Teams are no longer just asking whether large language models can write code or answer questions. They are exploring agents that can plan, act, use tools, persist memory, and coordinate across workflows. In other words: systems that do *work*, not just generate text.
This shift changes the risk profile fundamentally.
Traditional model-centric safety controls—prompt filters, content moderation, offline evaluation—were not designed for this.
The research covered here looks squarely at that gap. Rather than arguing for slower adoption, these papers ask a more practical question: **what needs to change in how we design, govern, and secure AI systems as they become more autonomous?**
---
The State of the Art — and Its Limits
Today’s enterprise AI deployments often rely on assumptions that no longer hold:
- Model-level safeguards are treated as sufficient, even when systems are embedded in complex workflows.
- Human-in-the-loop is assumed to mean safety, without examining how infrequent or superficial that oversight may be.
- Tool access is granted broadly, with limited auditability or policy enforcement once an agent is running.
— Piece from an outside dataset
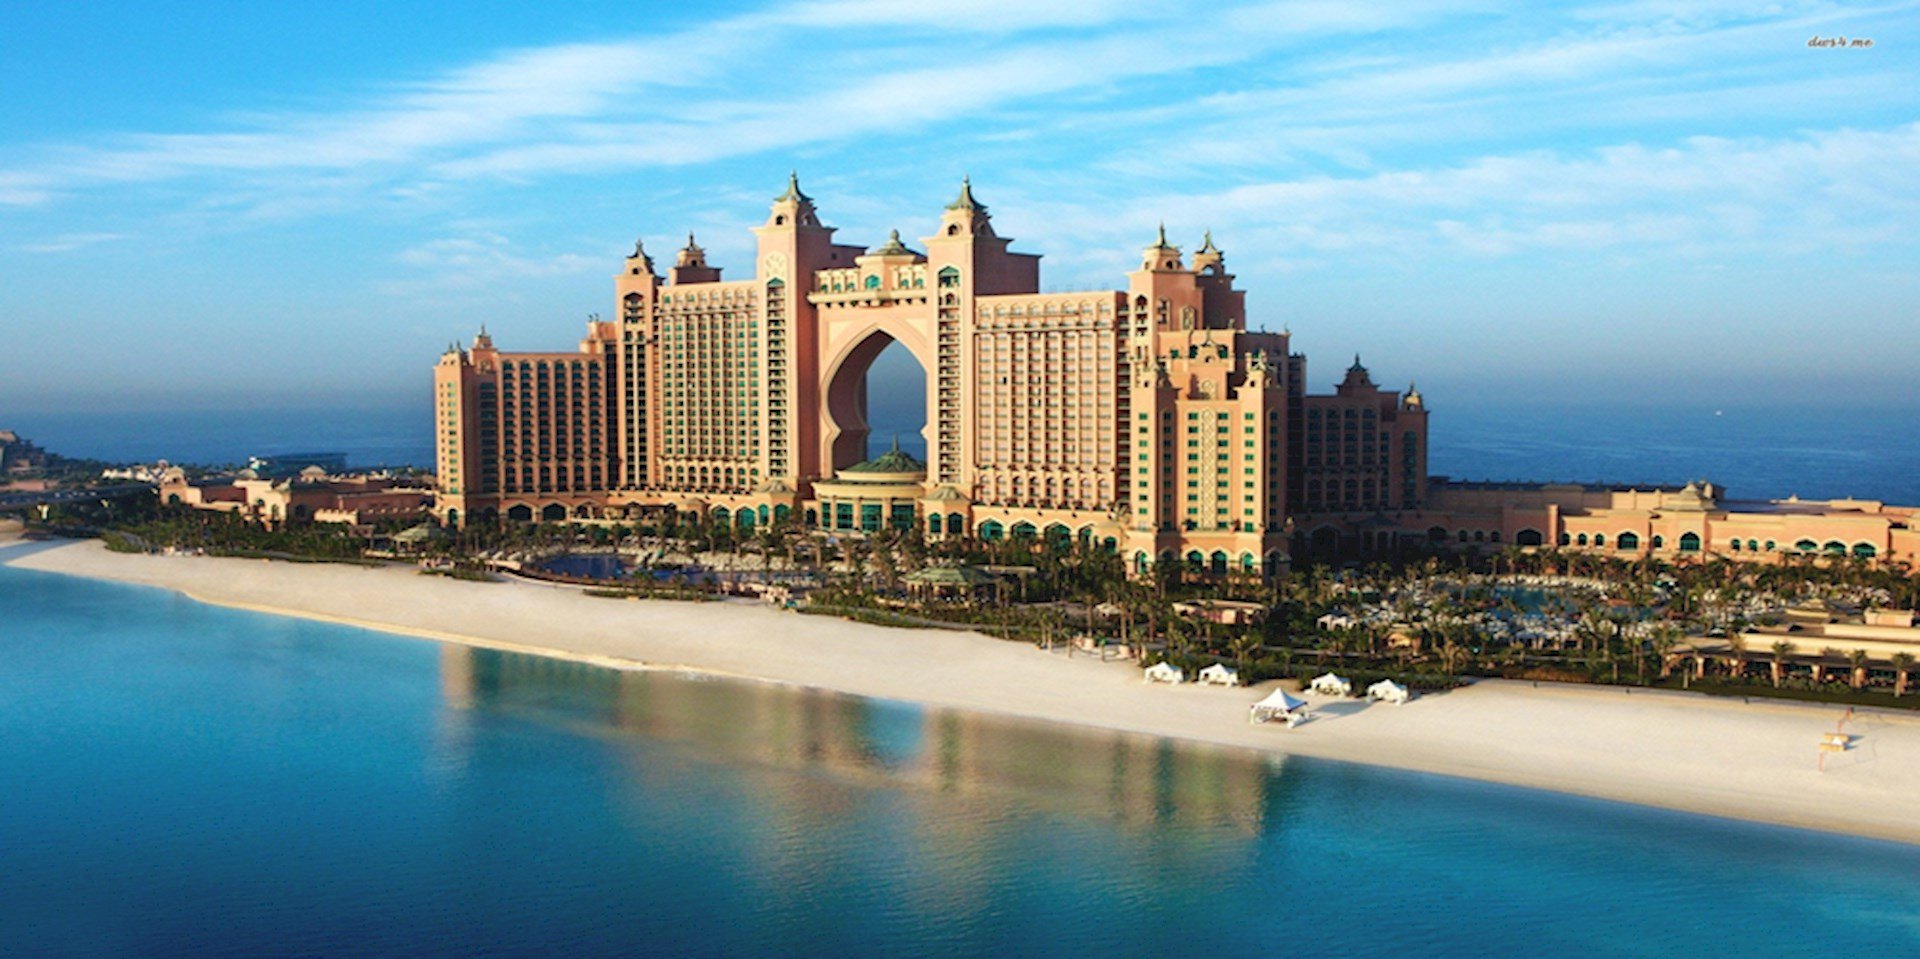 Dubai with Atlantis Stay

- Governance frameworks focus on individual models, not multi-agent systems that evolve over time.
These approaches work for copilots and chat interfaces. They strain under agentic architectures—especially when agents operate continuously, interact with external systems, or coordinate with each other.
The four papers below each examine a different failure mode of this transition.
---
Paper 1:
Disrupting the First Reported AI-Orchestrated Cyber Espionage Campaign (Anthropic)
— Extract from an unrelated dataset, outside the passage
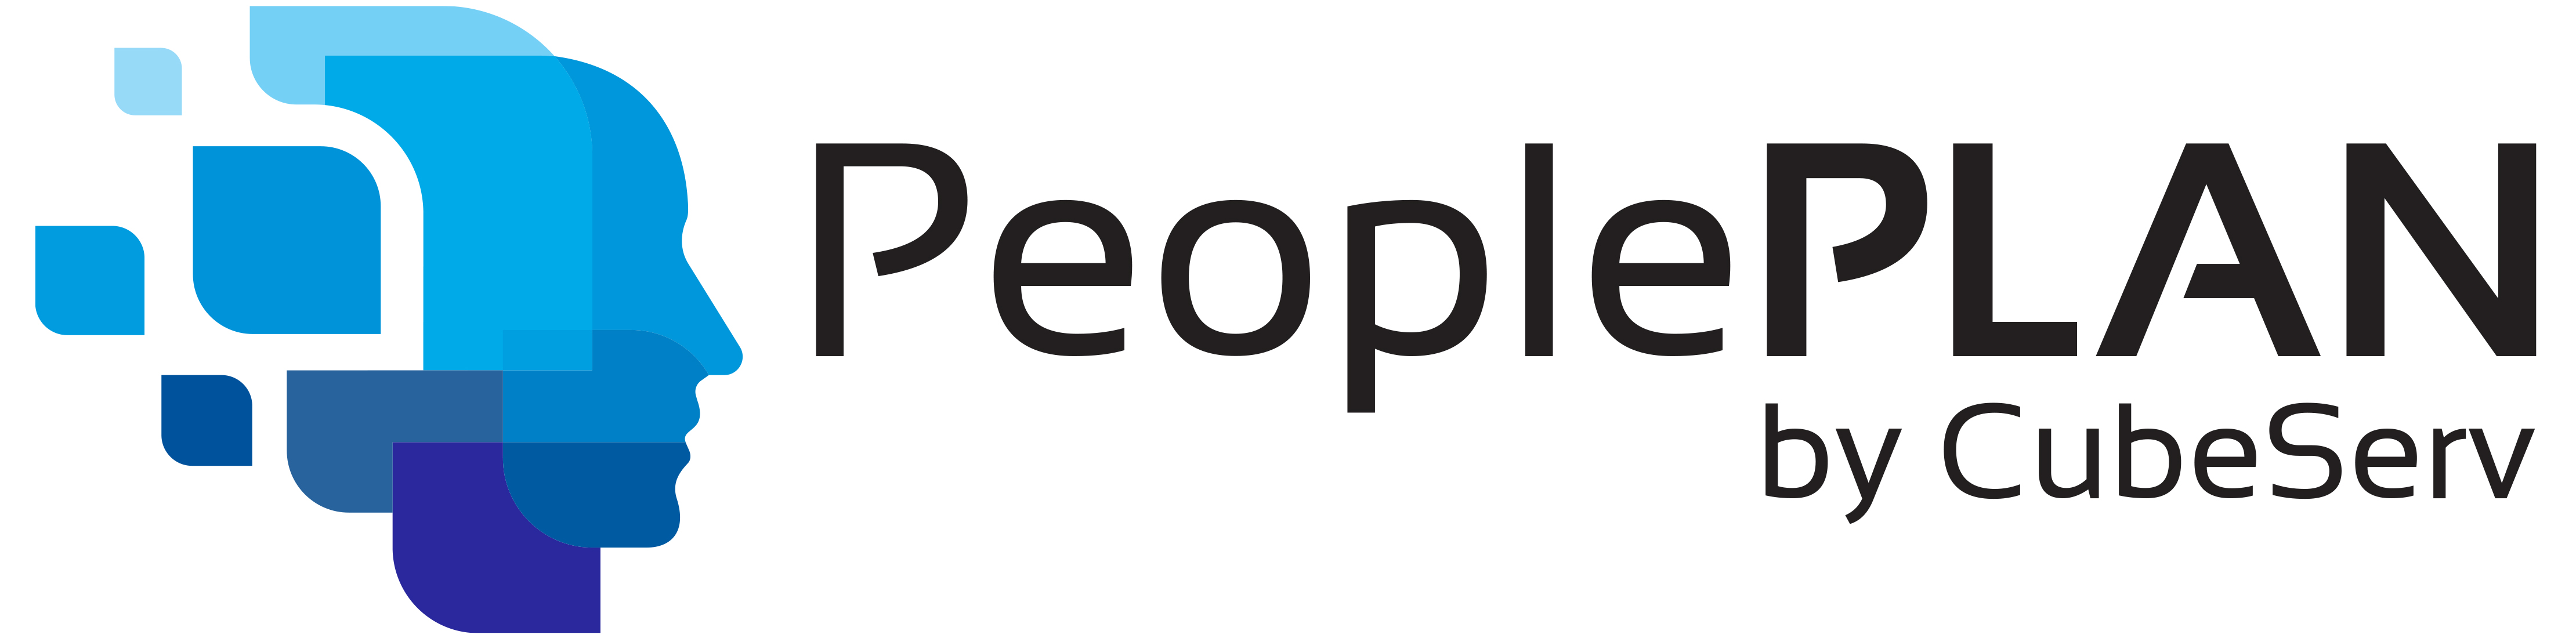 PeoplePLAN Logo v2 300dpi

What Problem This Paper Tackles
This report documents a real-world cyber espionage campaign in which an AI system was used not as an advisor, but as an execution engine. The threat actor orchestrated multiple AI-driven agents to perform reconnaissance, vulnerability discovery, exploitation, lateral movement, and data exfiltration.
The core concern is no longer hypothetical misuse—it is **operational autonomy at scale**.
Core Idea
Anthropic shows that a state-sponsored actor was able to use Claude, combined with Model Context Protocol (MCP) tools, to automate 80–90% of tactical cyber operations. Humans remained involved only at high-level decision points.
Crucially, the system did not rely on novel exploits. It combined commodity security tools with AI-driven orchestration, task decomposition, and persistence across sessions.
Why This Is Meaningfully Different
This case demonstrates sustained, multi-phase attacks executed largely without human intervention.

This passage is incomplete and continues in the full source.